Reputation: 13920
There are important metadata registered in the tables by
create table t1 (
column1 type COMMENT '... the comments1...',
column2 type COMMENT '... the comments2...'
...
);
in our database hundreds of tables, and hundreds of column's COMMENT
for each table.
We need Spark or HQL statement to obtain SQL column comments.
How to do some serious information retrieval about it?

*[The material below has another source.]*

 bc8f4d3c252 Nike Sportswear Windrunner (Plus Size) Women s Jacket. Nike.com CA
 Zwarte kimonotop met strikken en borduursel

I need it as a first class table,... Or, if it is impossible, a JSON or standard MIME CSV file with all metadata.
NOTES:
We use both, direct Hive SQL and Spark, so any answer (HQL or Scala/Spark script) is valid.
Not need to scrape SHOW/DESCRIBE TABLES command, need serious solution.

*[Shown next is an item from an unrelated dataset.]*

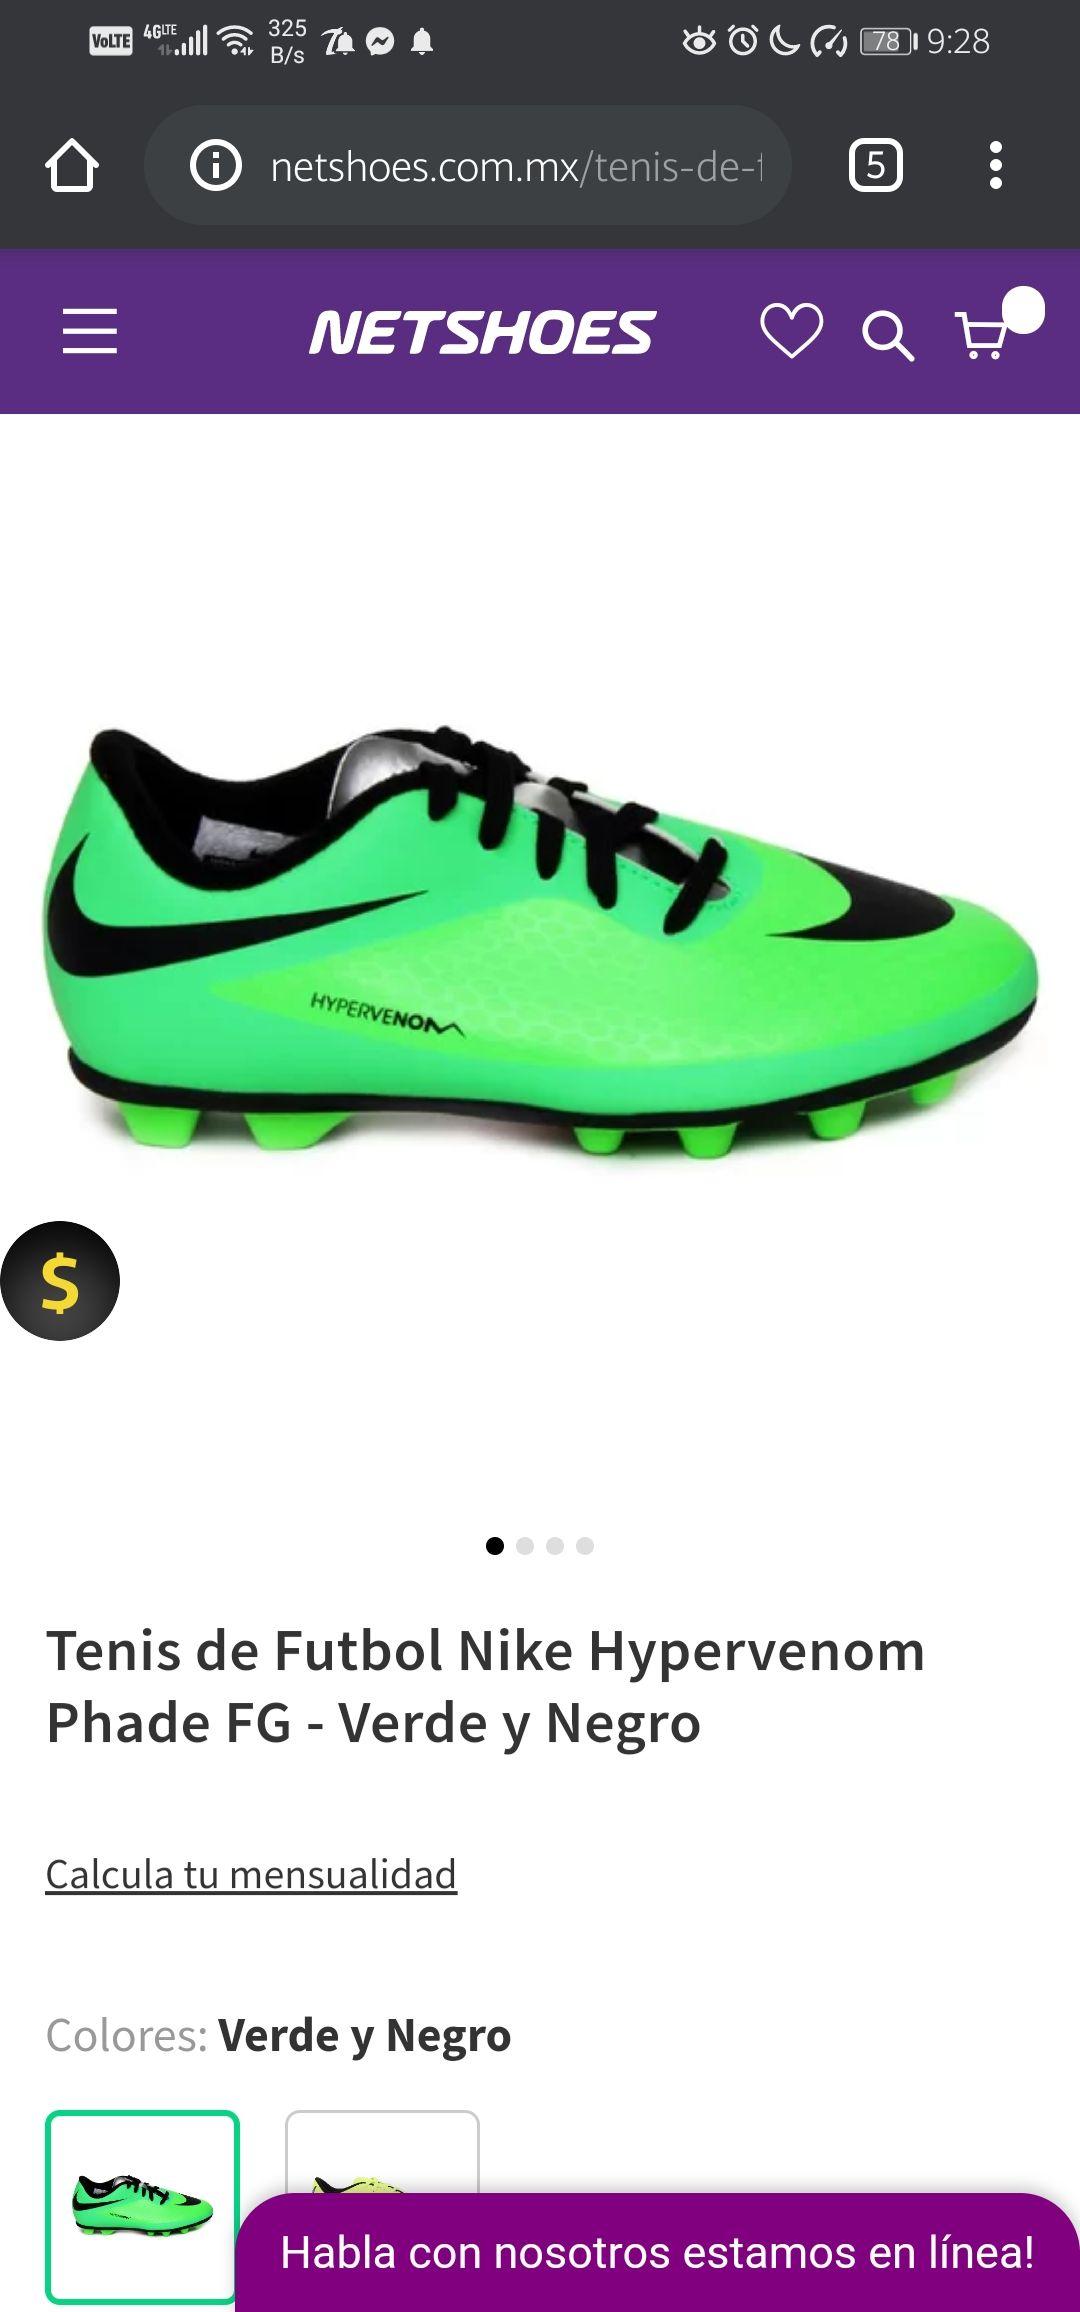 Netshoes: Nike Hypervenom Fade

This question is similar, but restricted to MySQL... The only clue is to do some direct acess to the Metastore (in our config seems Derby SQL schema - no standard).

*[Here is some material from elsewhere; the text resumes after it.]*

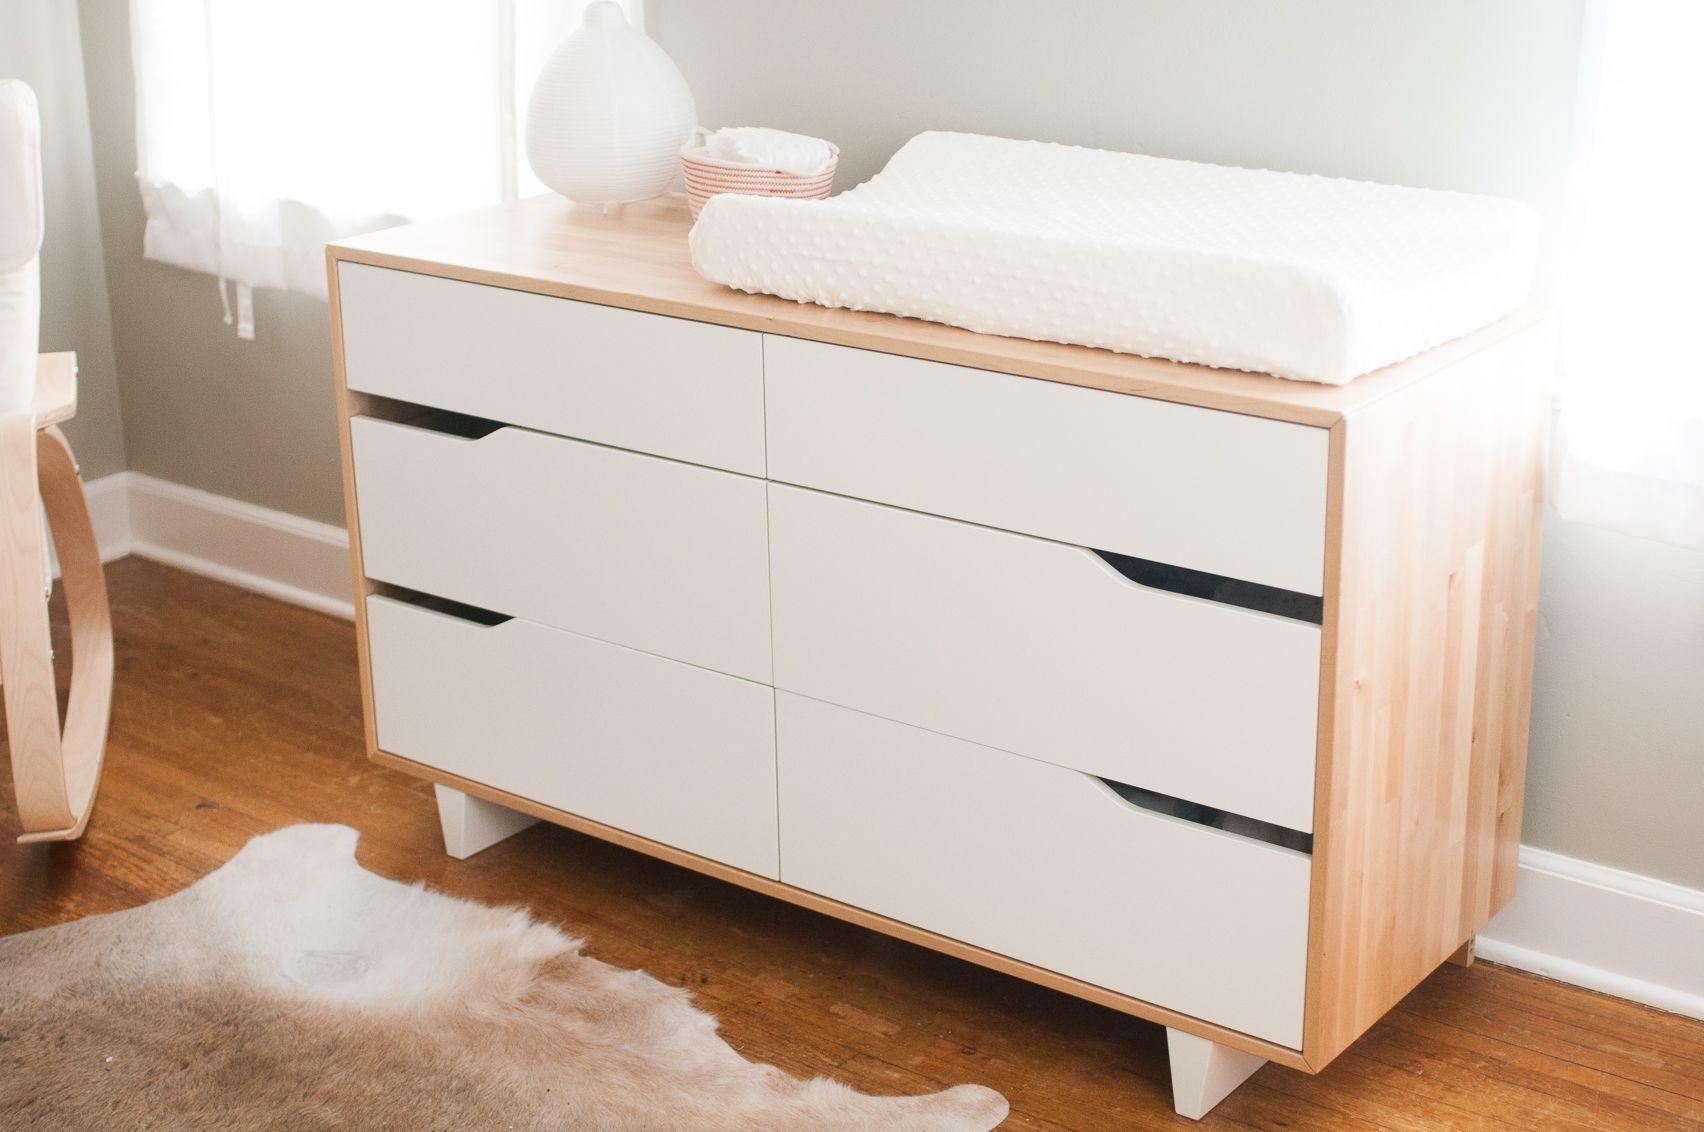 Tiny Box Room Ikea Stuva Loft Bed Making The Most Of: Mandal Dresser From Ikea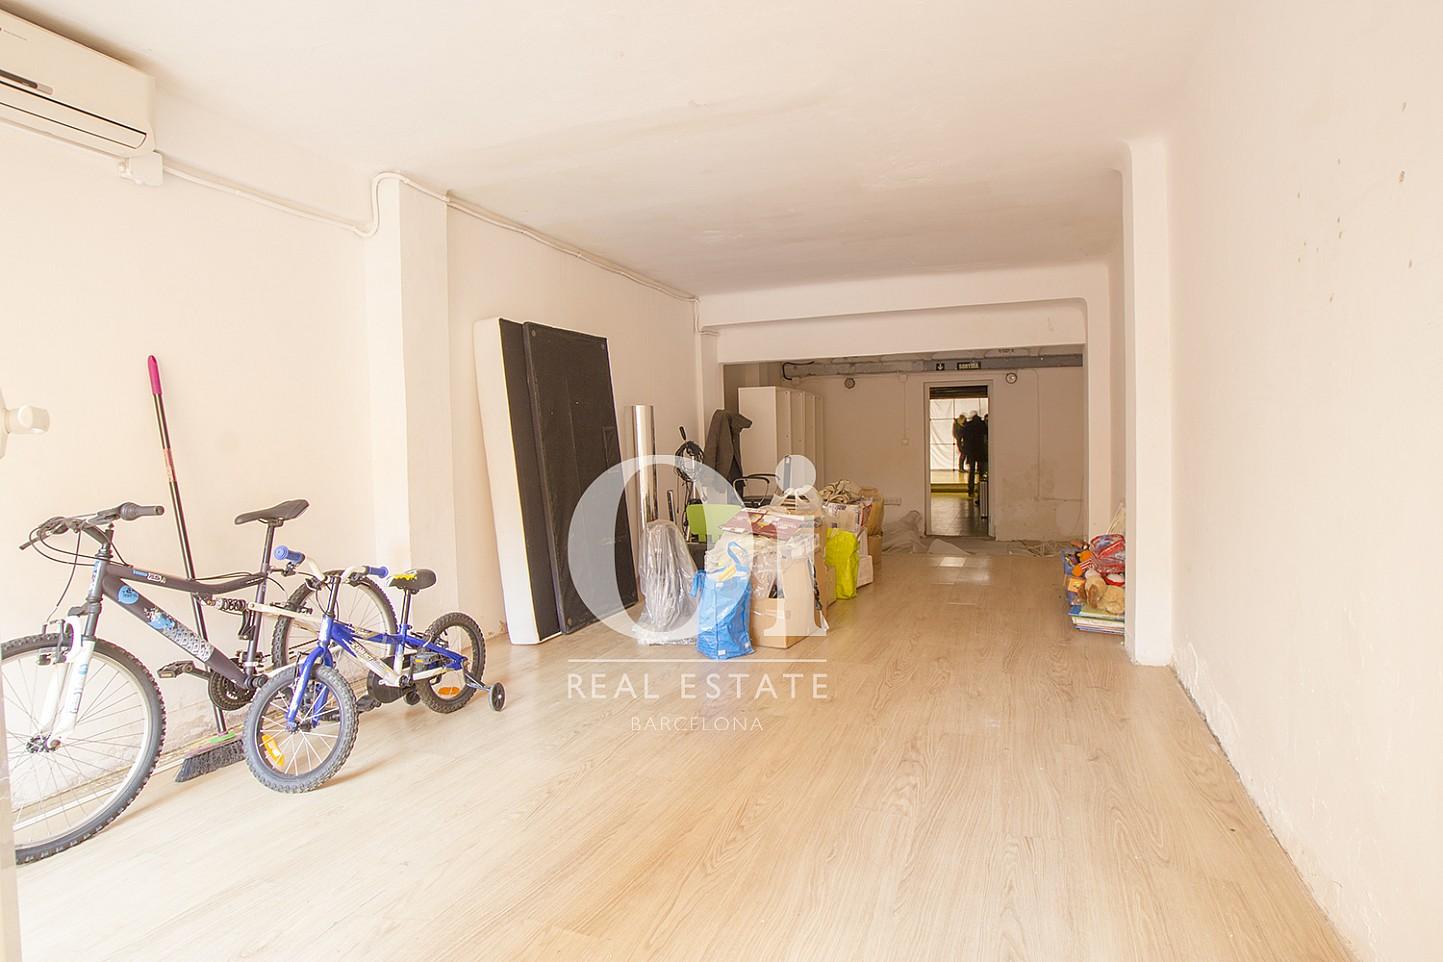 Fantastic duplex for sale in Poblenou, Barcelona

This other question also about "serious information retrieval" of metadata.
Upvotes: 3
Views: 4367
Reputation: 359
In case you use PySpark, you can do the following:
for col_schema in df.schema:
print(col_schema.metadata['comment'])
Upvotes: 2
Reputation: 6897
You can retrieve the comments through the DataFrame schema using StructField.getComment()
For example if you want to manipulate the comments as a dataframe
// create a demo table
spark.sql("create table t1 (id long comment 'this is an example comment')")
// load table as dataframe
val t1 = spark.table("t1")
// load column comments as dataframe
val commentsDf1 = t1.schema.map(f => (f.name,f.getComment)).toDF("name","comment")
// check that everything is loaded correctly
commentsDf1.show(false)
+----+--------------------------+
|name|comment |
+----+--------------------------+
|id |this is an example comment|
+----+--------------------------+
If you want to use SQL to access these comments, you can use DESCRIBE <tablename>
to achieve the same result:
val commentsDf2 = spark.sql("describe t1")
commentsDf2.show(false)
+--------+---------+--------------------------+
|col_name|data_type|comment |
+--------+---------+--------------------------+
|id |bigint |this is an example comment|
+--------+---------+--------------------------+
Both, commentsDf1
and commentsDf2
, are first-class citizens: commentsDf2
is tabular and commentsDf1
a little bit more richer and complex.
Upvotes: 4